Location: Mundrabilla but I'd rather be in Narvik

Thanks Woodford. So the 3 hour 45 minutes becomes a more respectable 3 hours 20 minutes.How long did the 'Spirit' take in its heyday?
Lockspike
3 hours 50 minutes in 1954 - B class around 11/550 tons.  (1830/2220)
S class (steam) appears to have had the same running time but was more capable than the B class. (230 minutes for 191 miles including Glenroy and Heathcote Junction banks.)
Doesn't say much for progress since !!! Even allowing for less than half the load and a few stops.
  woodford Chief Commissioner


Thanks Woodford. So the 3 hour 45 minutes becomes a more respectable 3 hours 20 minutes.How long did the 'Spirit' take in its heyday?
Lockspike
3 hours 50 minutes in 1954 - B class around 11/550 tons.  (1830/2220)
S class (steam) appears to have had the same running time but was more capable than the B class. (230 minutes for 191 miles including Glenroy and Heathcote Junction banks.)
Doesn't say much for progress since !!! Even allowing for less than half the load and a few stops.
"YM-Mundrabilla"



The S class steamers had a DRAWBAR power of around 2500BHP a B class diesel was around 1300bhp, ie the S had nearly double the effective power. The VR planners even then did not understand the differnece between power and tractive effort. THe S's having a lower tractive effort than a B class but vastly higher power.

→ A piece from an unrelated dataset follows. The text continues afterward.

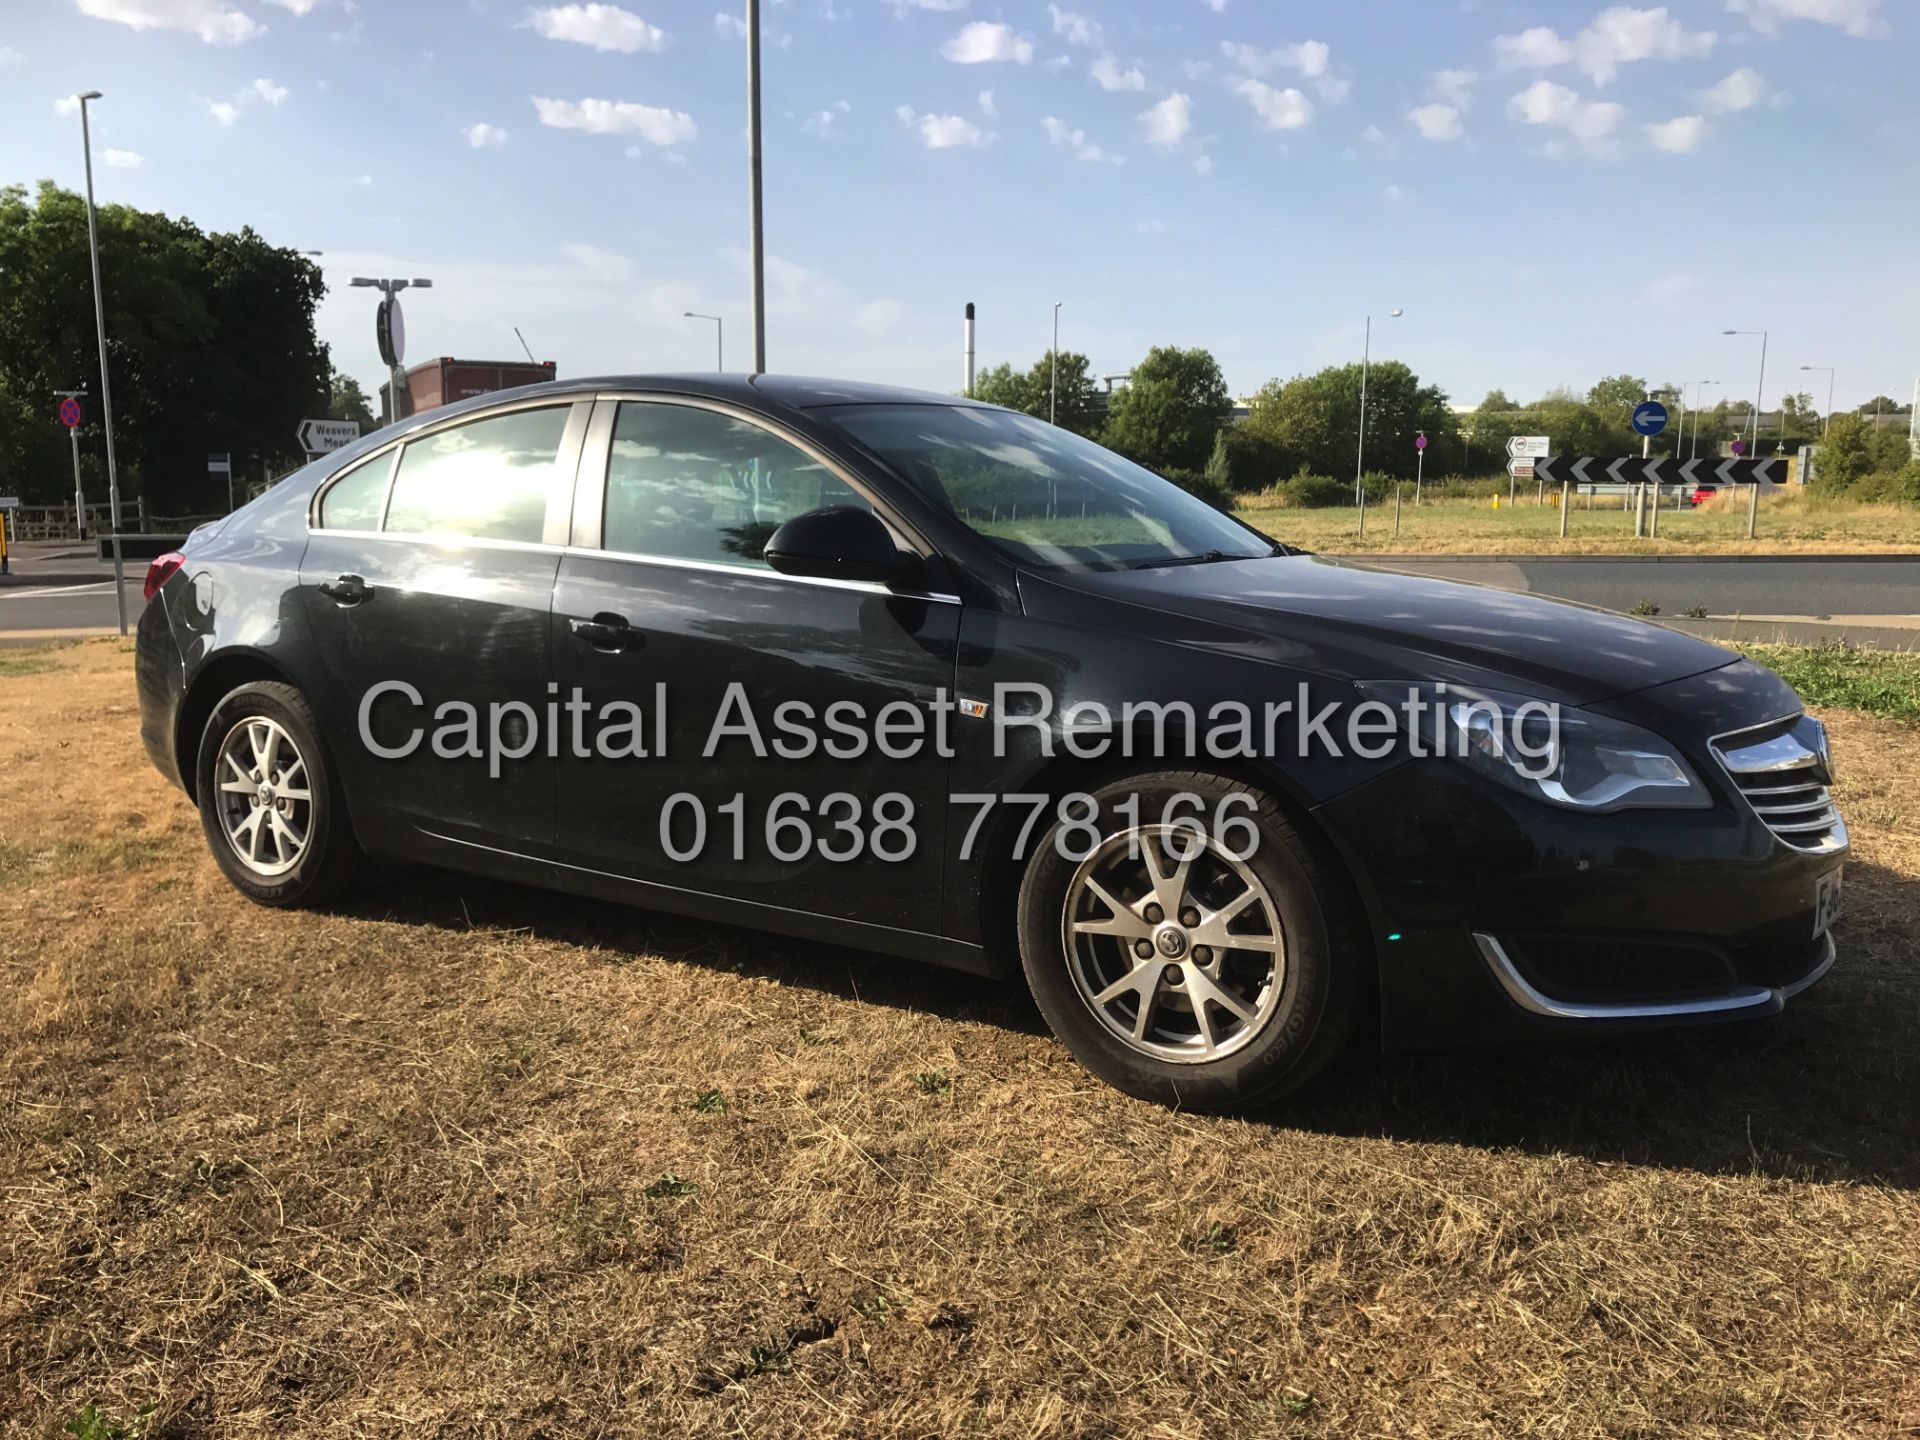 On Sale VAUXHALL INSIGNIA 2.0CDTI "DESIGN" 6 SPEED (2014 MODEL-NEW SHAPE) AIR CON -ELEC PACK -CRUISE - Image 8 of 22

Note: the S class steamers requiered 2 fireman between Melbourne and  Seymour as a single fireman can only move enough coal to maintain around 1500BHP. Iwas though told by an old driver that if one put 400 shovel  fulls (just under 2 tons) of coal on at Spencer st.a single fireman could maintain the steam pressure untill Heathcotte Junction.

woodford
  woodford Chief Commissioner

Post Script, H220, a loco that spent most of its life on the Albury line had a drawbar power of around 3500bhp, this was not reached by a single diesel loco until the early 1990's nearly 40 YEARS after H220 was retired.

woodford
  simstrain Chief Commissioner

If it was upgraded to allow the XPT to do 160km/h then surely that would only be about 2h 30 minutes or so.
  woodford Chief Commissioner

If it was upgraded to allow the XPT to do 160km/h then surely that would only be about 2h 30 minutes or so.
"simstrain"


The line south of Seymour cannot be upgraded without spending vast sums of money, so the time for that section is always going to be around 1H 20. The VLIne train also stops at Seymour, Avenal, Euroa, Violet Town, Benalla, Wanagarratta, Springhusrt, Chiltern and Wodonga. With such short sections 160kph running is not as good as it sounds.

woodford
  M636C Minister for Railways

While the improvement since 1937 isn't significant, a reduction in five minutes for an all stations train now over a non stop train pre WWII including running somewhat further to go via Albion isn't too bad.

The fact that a billion dollars has been spent on the parallel road means that rail is less competitive since road times have been significantly reduced.

But that isn't the fault of V/line or the ARTC.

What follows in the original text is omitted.